The sensors object is used for querying all GPI sensors (both oneWire and others). Running a print(gpi.sensors) will display the current values of all named sensors in GPI. This object also has a get_values() method that allows for querying of specific sensors or groups of sensors. For example:

gpi.sensors.get_values('Max. MEMS relative humidity')

will return:

{'Max. MEMS relative humidity': 7.865232}

while:

gpi.sensors.get_values('humidity')

will return:

{'Max. EE relative humidity': 46.535496,
 'Max. MEMS relative humidity': 7.867756,
 'Max. OMSS relative humidity': 30.105785,
 'Max. ambient relative humidity': 47.620869,
 '3rd EE Heat Exchanger Humidity': 66.844627,
 'AO EE Heat Exchanger Humidity': 46.535496,
 'CAL IFS EE Heat Exchanger Humidity': 36.544643}

A complete list of sensor names is available in the attribute sensornames.

Querying Sensor Logs

gpilib2 provides utilities for querying oneWire logs via the query_onewire_logs() method. The logs use sensor ids, and a lookup table is provided by attribute onewire_keys.

Note

The onewire_keys attribute only becomes available after running get_onewire_logs(), which happens automatically the first time query_onewire_logs() is called.

You do not need to know the exact name or id of the sensor you want, since query_onewire_logs() supports partial name matching and regular expressions. For example, input ccr will match sensors CCR Body temperature, IFS CCR Glycol Output Temp, IFS CCR Glycol Input Temp while input ccr.*body will match only CCR Body temperature. For an overview of Python regex, see: https://docs.python.org/3/library/re.html

As an example, we can plot the CCR body and Glycol i/o temperatures over the last 3 days:

%matplotlib
import matplotlib.pyplot as plt
import gpilib2.gpi
gpi = gpilib2.gpi.gpi()

res = gpi.sensors.query_onewire_logs('glycol', last_hours=72)
plt.figure(figsize=(10,5))
for key in res:
    plt.plot(res[key][:,0], res[key][:,1],label=key)
plt.legend(bbox_to_anchor=[1.,1.])
plt.subplots_adjust(left=0.05,right=0.55)

which produces something like:

Sample oneWire log plot

Fig. 2 oneWire logs for all keys matching query ‘glycol’ over a period of 3 days.

Sending Commands

Inasmuch as possible, gpilib2 command names are standardized. All individual components (where relevant) will have init, datum, and sim methods.
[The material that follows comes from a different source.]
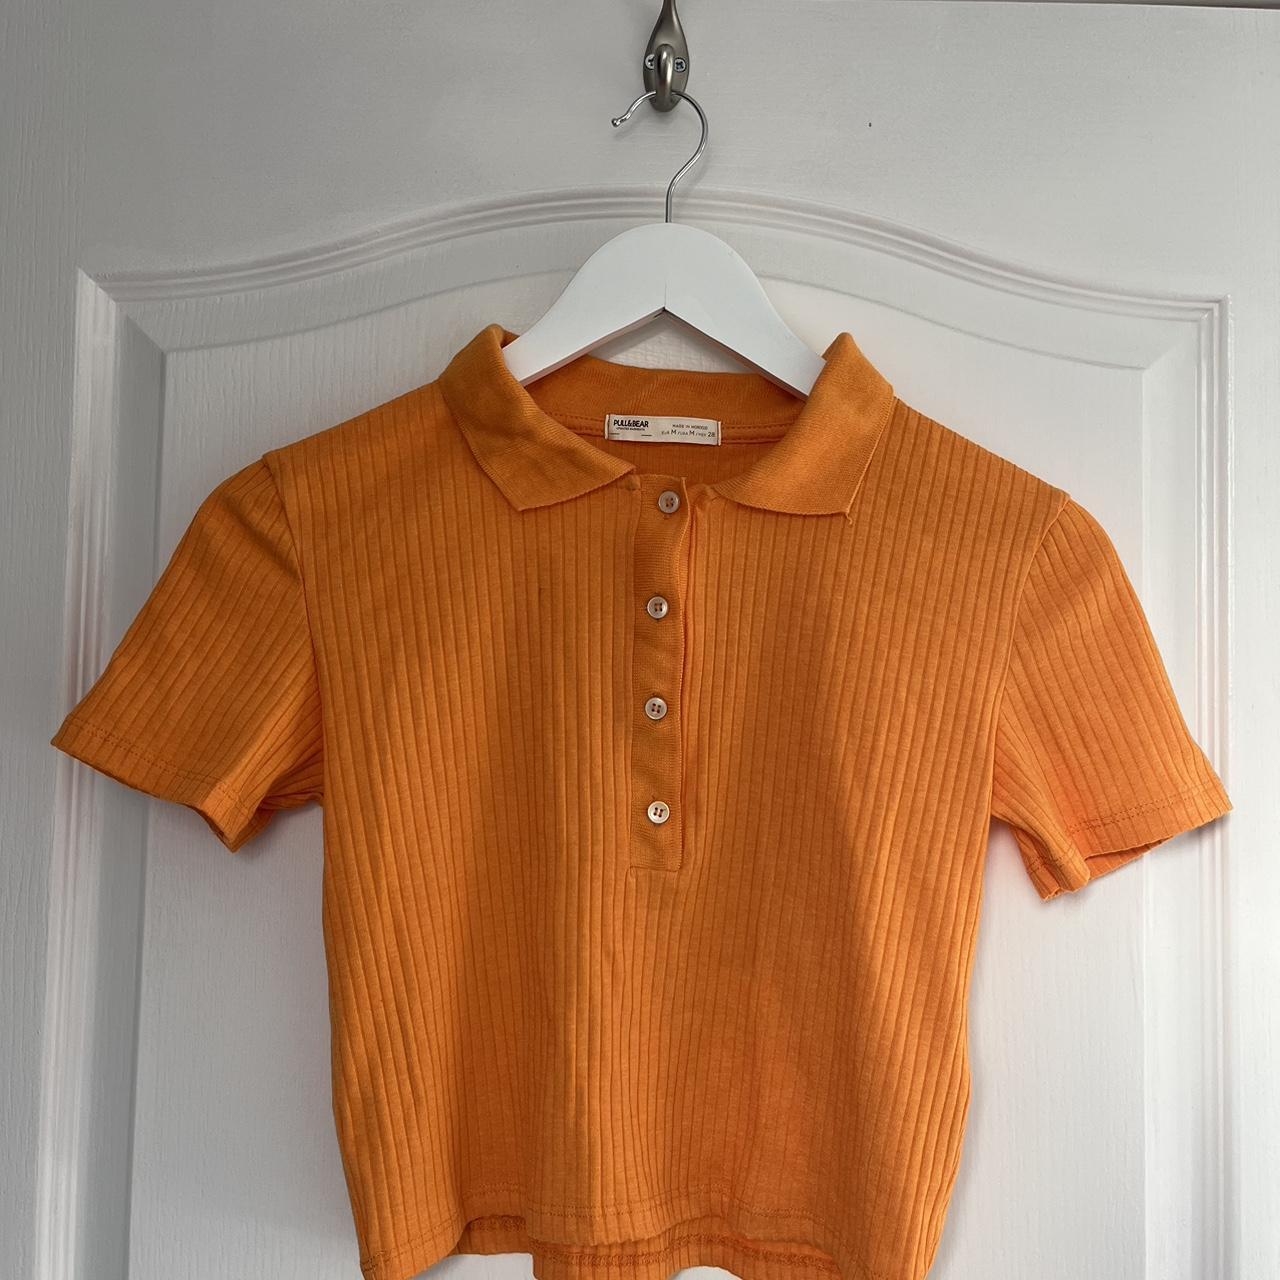 Pull and Bear polo top, no label but never worn - Depop

All collections of components (i.e., coronagraph, etc.) will have init_all and datum_all methods. All components and collections of components will have move methods. The particular syntax of each move command will vary in the allowed keywords, and can be looked up in this documentation, or by printing the docstring of a particular command from within an interactive ipython session, for example:

gpi.coronagraph.move?

Queueing Commands

All commands sent through the rpc object can be executed immediately (via the execute() method) or queued (by passing queue=True to the same method) for later execution (via the execute_queue() method). Every move command for all objects accepts a boolean queue input keyword argument.

Execution of a queue involves issuing all pending commands in the queue asynchronously (such that they are executed as quickly as possible). Both single command execution and queue execution will check on the ack status of the command, and raise RunTimeError exceptions if any errors are encountered in issuing any of the commands.

By default, both single command execution and queue execution will not return until the GMB status variable for the command (or all commands in the queue) shows completion or error. In the case of errors, a RunTimeError exception will be raised. If keyword input nowait is set, then both execute() and execute_queue() will return immediately after checking for a successful ack.

Warning

The nowait and queue keywords are primarily intended for use in higher-level functionality where specific sequences of parallel execution have been well mapped out. They are not recommended for ordinary interactive use of low-level move methods, unless you really, really know what you’re doing.

In addition to their move commands, many of the gpi sub-objects have utility wrappers allowing for easier commanding of standardized move settings. For example, all components of source have an extract() and deploy() method to extract and deploy the ASU and CAL Sphere, and turn their attenuation (and, in the case of the ASU, the SC power) down and up, respectively.